As to those who are still concerned about my health, I am happy to say that no, I do not have tetanus, although I will live the rest of my life with a partially collapsed lung. My road to recovery is still long and painful, so that is why there is prescription morphine to help me through those rough days! No, I lie! I do not believe in taking painkillers; instead, I look to God for support and guidance. Even if you should not believe that there is a God, I will also pray to Him to keep you safe from harm's way.

Thank you all so much! Your kind words have really boosted my morale and definitely made my day! I regret to say that because I am still recovering, it seems every breath I make is painful, so I must stay away from tasking activities, meaning I won't be on SFI for a least a month or two.

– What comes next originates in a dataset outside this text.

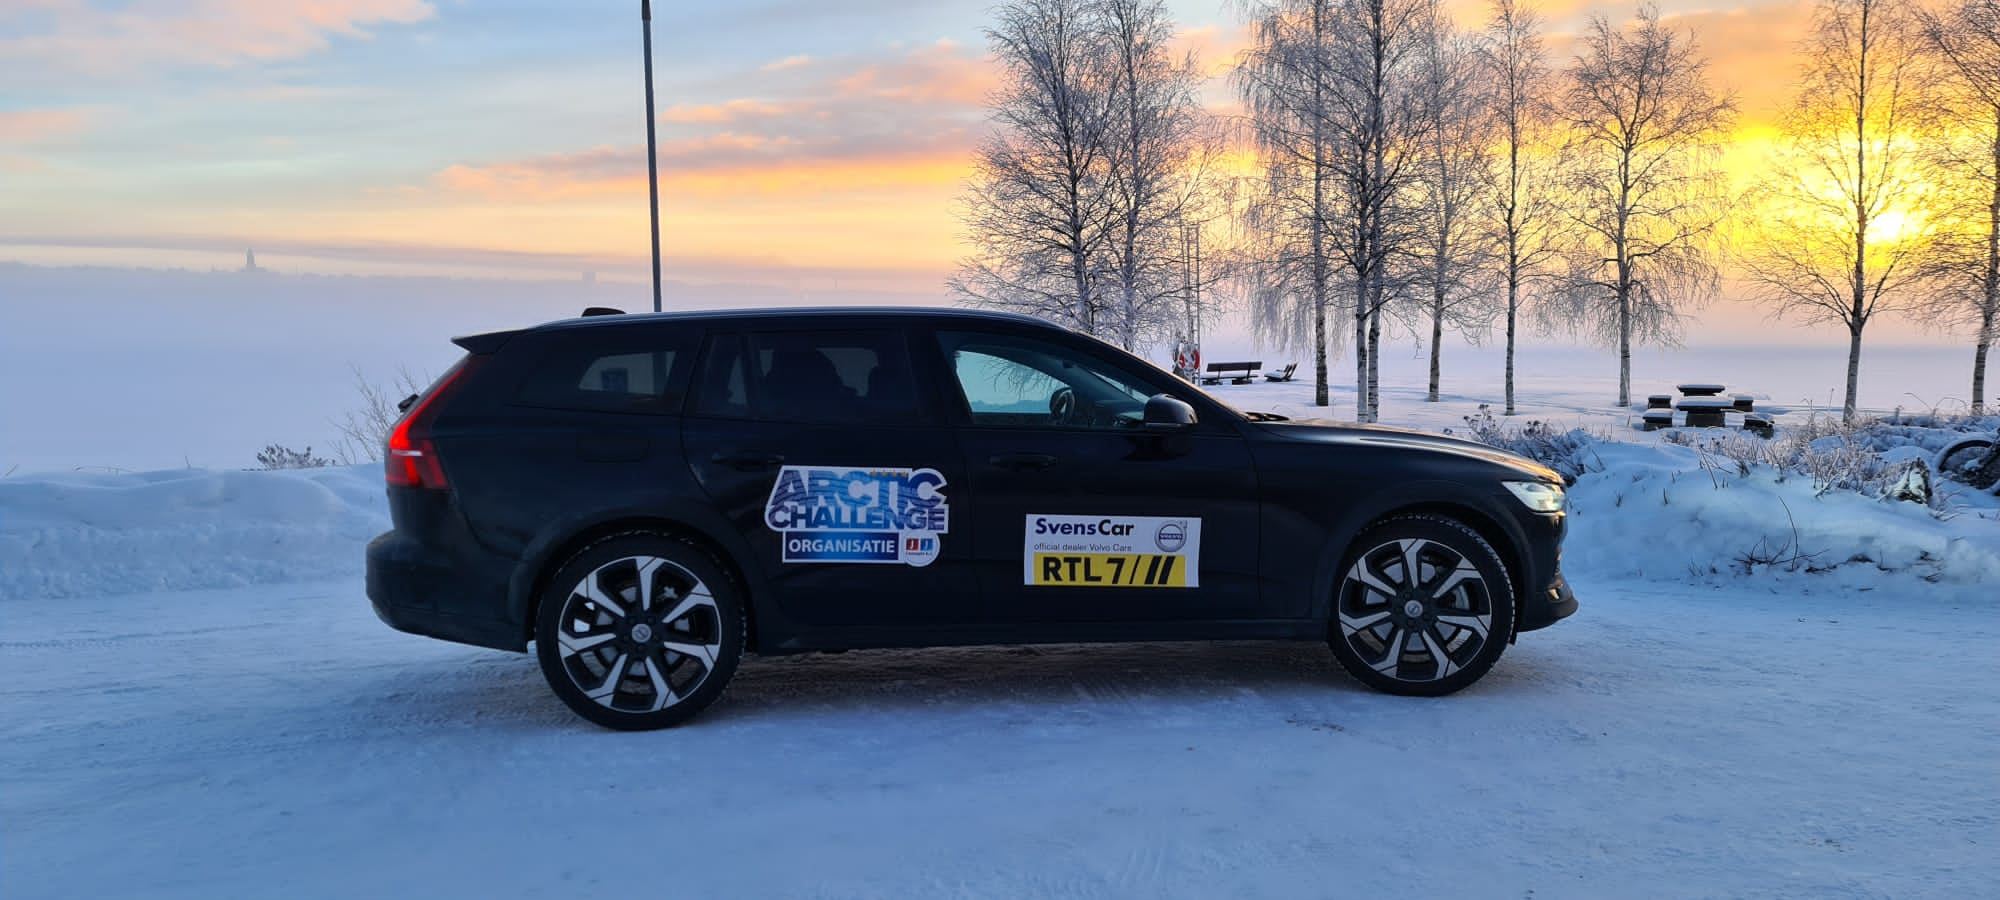 SvensCar Arctic Challenge Volvo

I hope all goes well to everyone here on SFI. You all will also be in my prayers.

Lastly, please, please, please learn from my mistake. Learn from the perspective of the student, as well as the teacher. Heaven forbid such an incident occur again. And yes, I would be more than happy to have this thread become a sticky.



Regards,
H. Watanabe

----------


## CarlRutledge

I second that idea, Mr.Watanbe I wish well

----------


## Andrew Habzansky

Oh my H. I just picked up on this thread.  Glad to see you are home.  Please accept my wife and I's prayers for a speedy recovery.

----------


## Carlo Giuseppe Tacchini

Welcome back Hakujou.

----------


## tracy harden

You are truly an example for all of us.

Heal quickly!

----------


## J. Low

You're lucky to be alive... Swinging a sword is no different than shooting a gun. Anything can happen.

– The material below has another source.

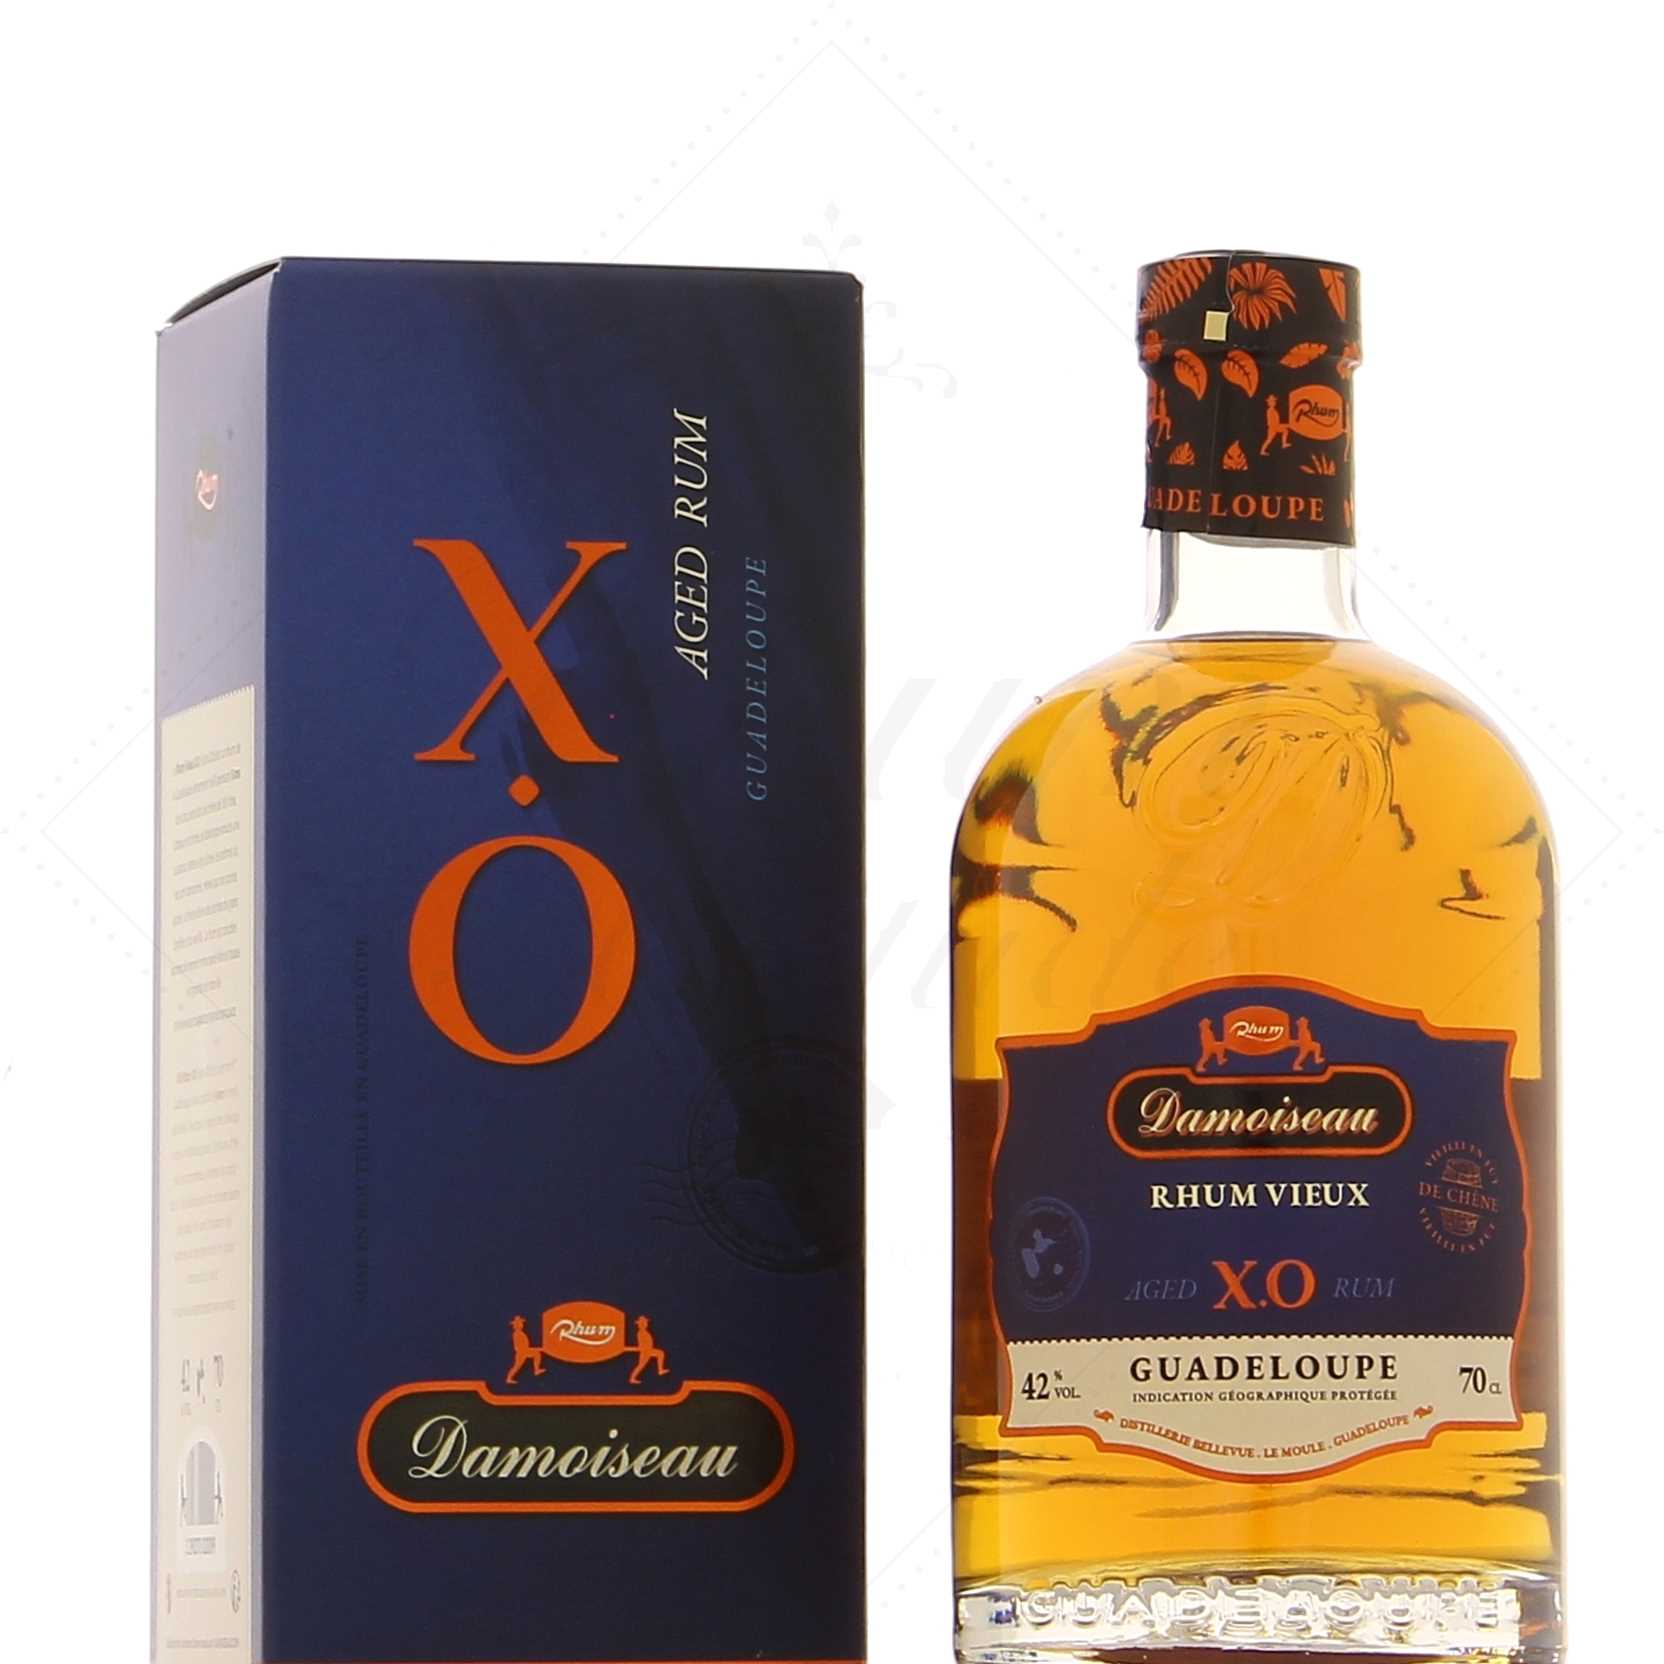 Damoiseau XO Rhum Vieux Agricole Guadeloupe 42% vol. Rum

One momentary lapse of judgement or respect for what you're doing with it can end your life, or someone else's life in an instant.

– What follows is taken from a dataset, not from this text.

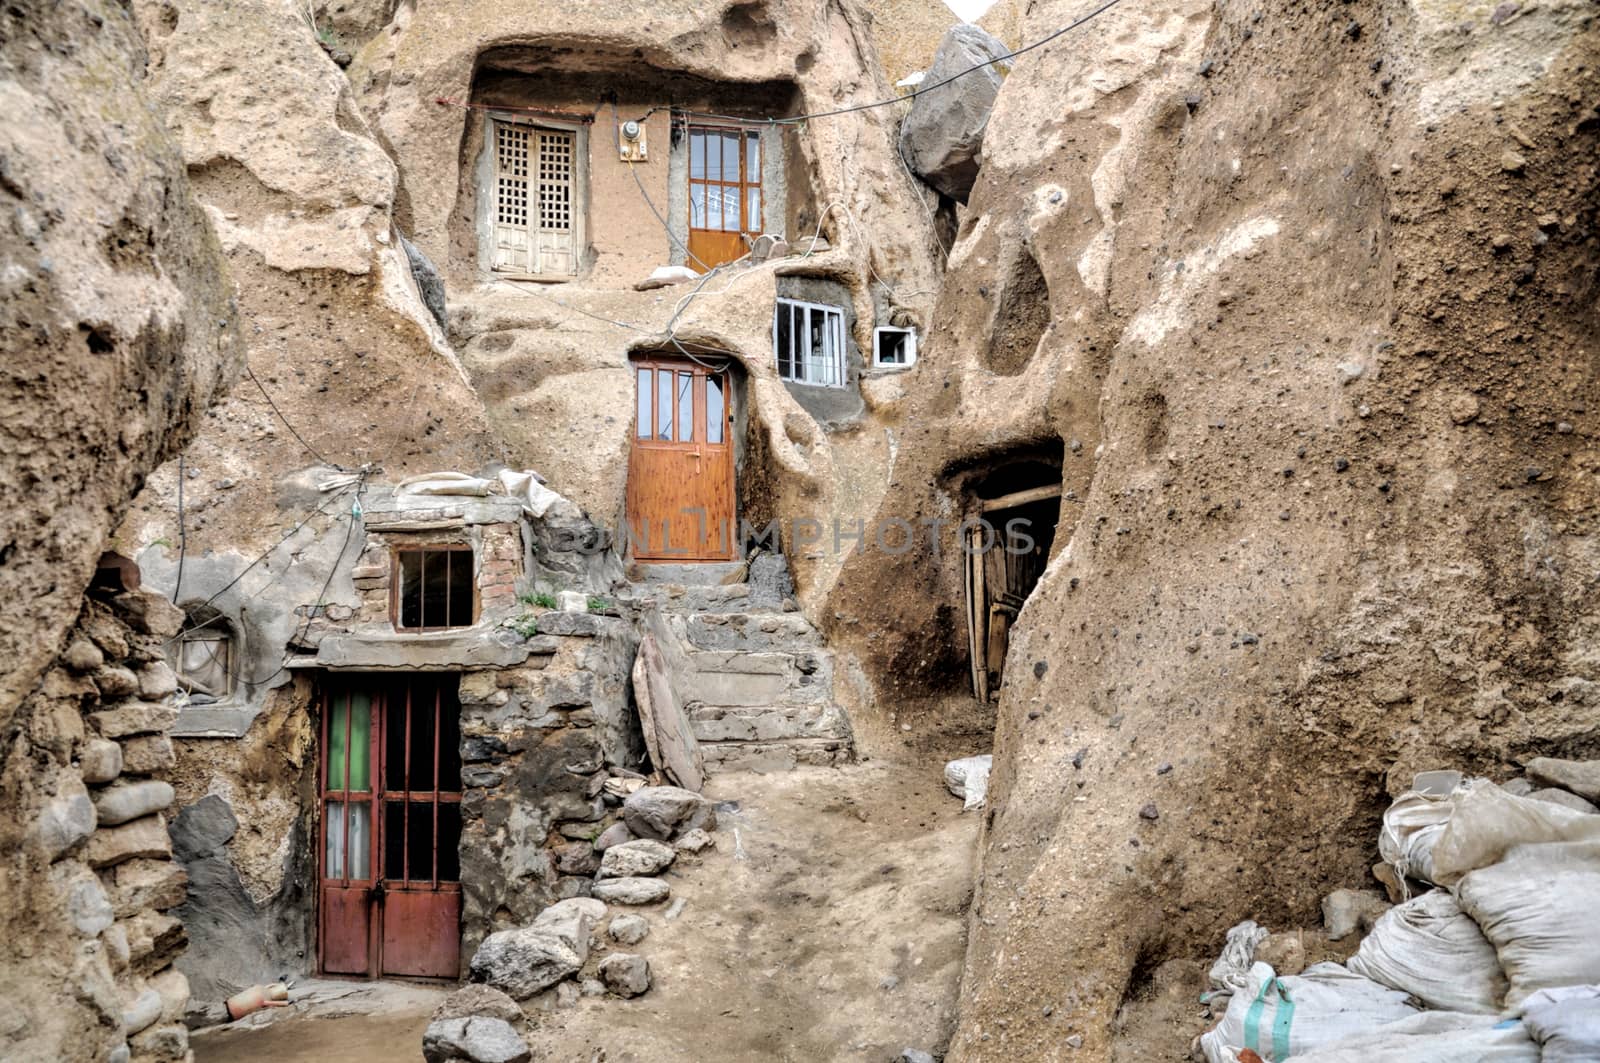 Facade of houses excavated in rock cones in Kandovan village in Iran

This also shows not to abuse your swords, or make make-shift parts yourself. If you need repairs or parts. Get them from a professional...

----------


## Greg.D

...I usually sit back and observe this aspect of the forum,but in Mr.Wantenabe's case I am relieved for him and his wife to hear that he is doing well,
Sincerly
Greg Dunay

----------


## Ian Alexander

Wishing you a speedy recovery, and with some luck and Grace from God that you'll be able to resume life like normal without any major after efects of the injury.

----------


## J. Hedgespeth

Welcome back!!!   :Smilie:  

Remember...No matter what, you'll always have one letter more than me!  :Big Grin:  

Get Well Soon!!!

John

----------


## Jennifer Yabut

Glad to see you back, Hakujou.   :Smilie:   And thank you for your latest well-written post.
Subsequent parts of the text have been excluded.